Just going back to the external oblique muscle, there’s one important thing I forgot to tell you about. The bottom part, the inferior margin of the aponeurosis of the external oblique muscle actually forms the inguinal ligament.
I’ve just isolated it here and you can see the bottom part of the aponeurosis forming this ligament, which runs from the anterosuperior iliac spine here down to the pubic tubercle. That’s important to remember.
Just going back to the internal oblique (and you now know which direction the fibers pass), the internal oblique muscle originates on the iliac crest and also on the lateral part of the inguinal ligament. And it inserts on the lower ribs. You can see these ribs, 10-12 (or bottom four ribs, 9-12) and it also inserts in the midline in the linea alba. It joins the other aponeurosis as you know. And it also inserts in the pubic crest here.
The aponeurosis isn’t shown here, but you know that it extends into the midline and joins the linea alba.
Similar to the external oblique, when both of the internal oblique muscles contract, it flexes the trunk. It brings the truck like this. And if one side, one muscle contracts, it laterally flexes the trunk. It brings the trunk to the same side.
The last muscle we’ve got is the transversus abdominis muscle. If I just remove the internal oblique, we’ve got this muscle that sits underneath it. It’s called the transversus abdominis muscle because the fibers are oriented transversely, so horizontally like this.
Let’s just take a look at the origin. It originates on the iliac crest (so you can see that here) and also on the lateral parts of the inguinal ligament. And also, you can see the origin at the top on the costal cartilages. And then again, it inserts on the linea alba and inferiorly, it inserts on the pubic crest.

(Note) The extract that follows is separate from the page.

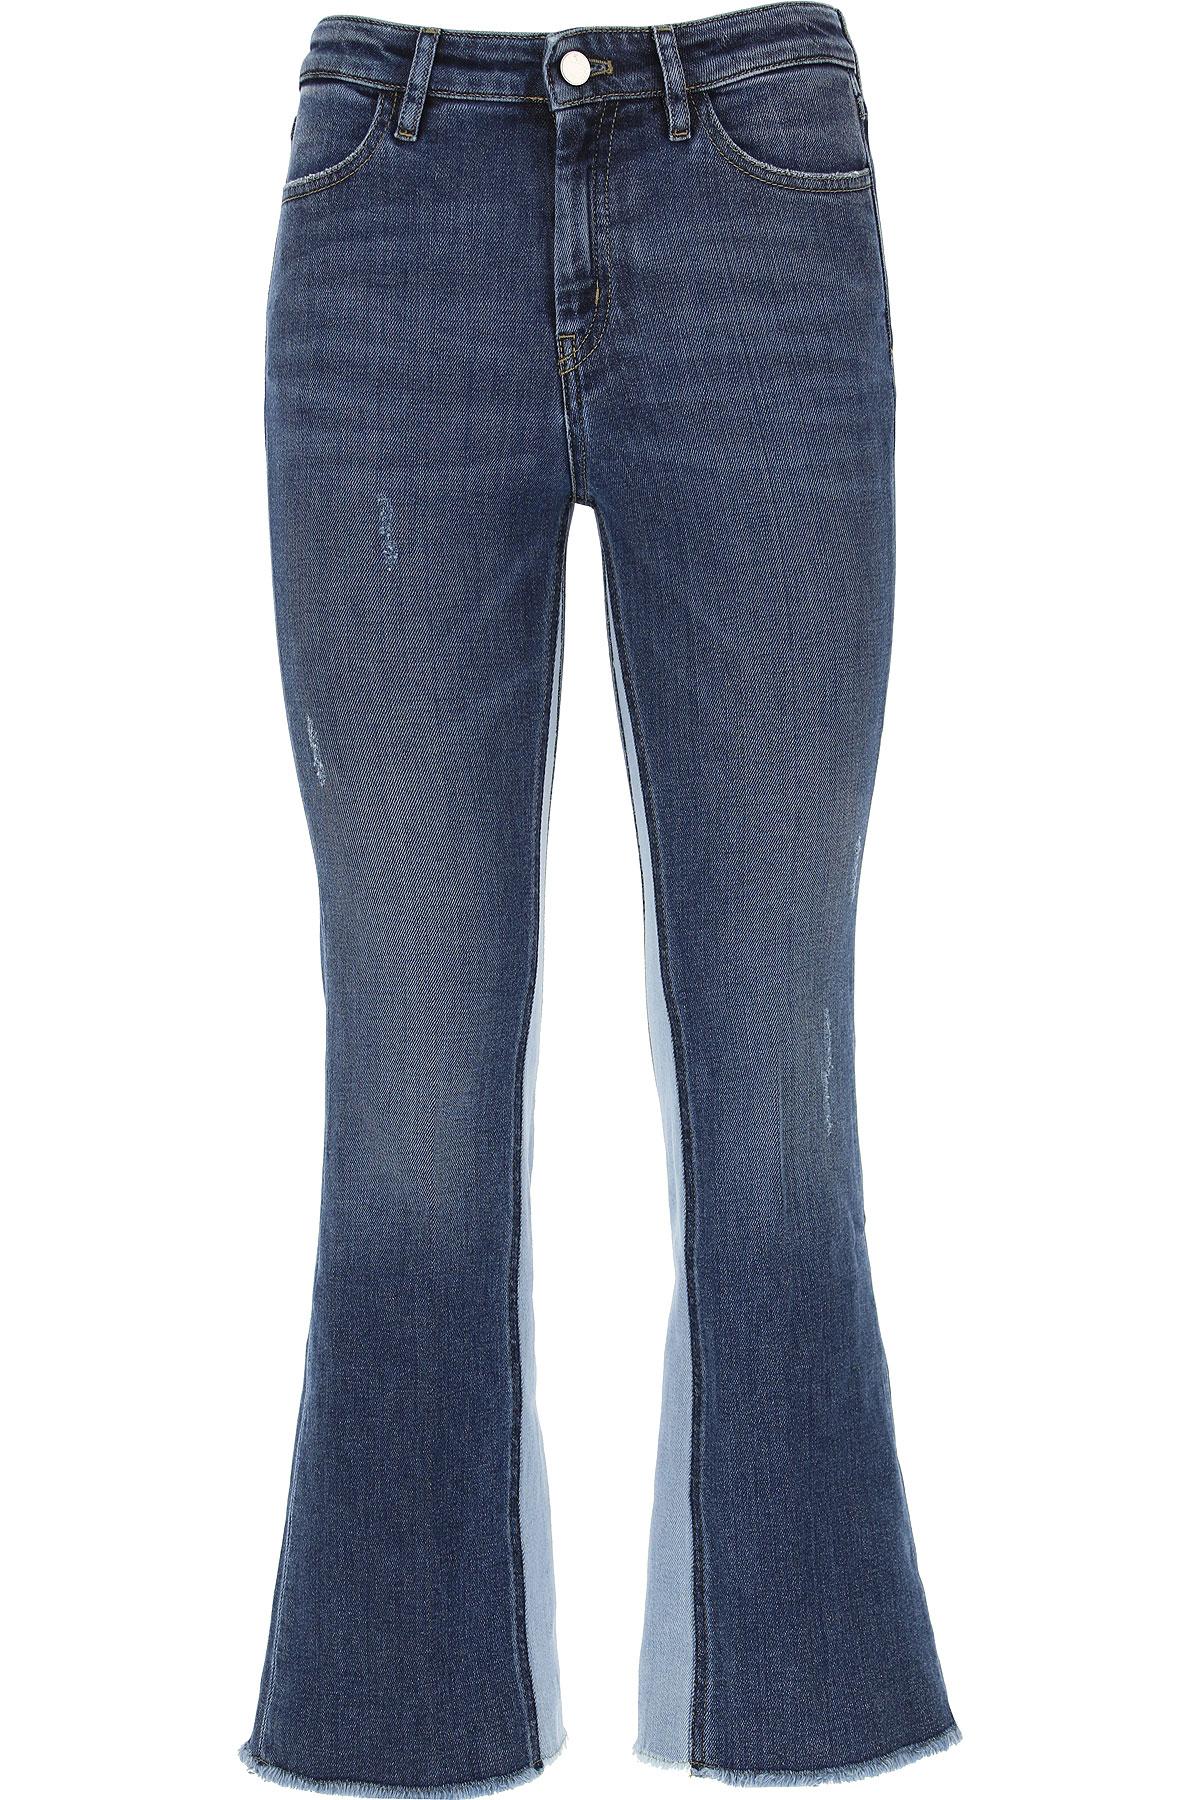 Image of PT05 Jeans, Denim Blue, Cotton, 2017, 24 26 27 28 29 30

You can see its attachments here. Iliac crest. The inguinal ligament is gone, but it attaches on the lateral part of the inguinal ligament over here. It attaches on the costal margin and it attaches in the midline at the linea alba and also inferiorly at the pubic crest.
Those are the muscles of the anterior abdominal wall. It’s pretty easy. You’ve just got five to remember. You’ve got two which sit anteriorly. You’ve got the large rectus abdominis and you’ve got the tiny little pyramidalis. And then you’ve got the three lateral muscles (the external and internal oblique muscles and the transversus abdominis muscle).
- rectus abdominis
- external oblique
- internal oblique
- transversus abdominis
- pubic symphyis/tubercle/crest
- anterior superior iliac spine (ASIS)
- iliac crest
- linea alba
- linea semilunaris
- tendinous intersections
- rectus sheath
- inguinal ligament
“Hands in pockets. Hands on tits.”
When your hands are in your pockets, your forearms point downwards and inwards. “Pockets” has an “e”, therefore the External oblique has it’s fibres oriented downwards and inwards (inferomedially).
When your hands are on your tits (if you have them), your forearms point upwards and inwards. “Tits” has an “i”, therefore the Internal oblique has it’s fibres oriented upwards and inwards (superomedially).
Now for a few questions…
1. Name all five muscles (without looking at the list above!)
2. Which spinal nerve innervates the pyramidalis muscle?
3. True of false: The rectus sheath wraps around both surfaces of the rectus abdominis along it’s entire length.
4. True of false: The fibres of the external abdominal oblique are oriented inferomedially.
5. True of false: The transversus abdominis lies between the external oblique and the internal oblique.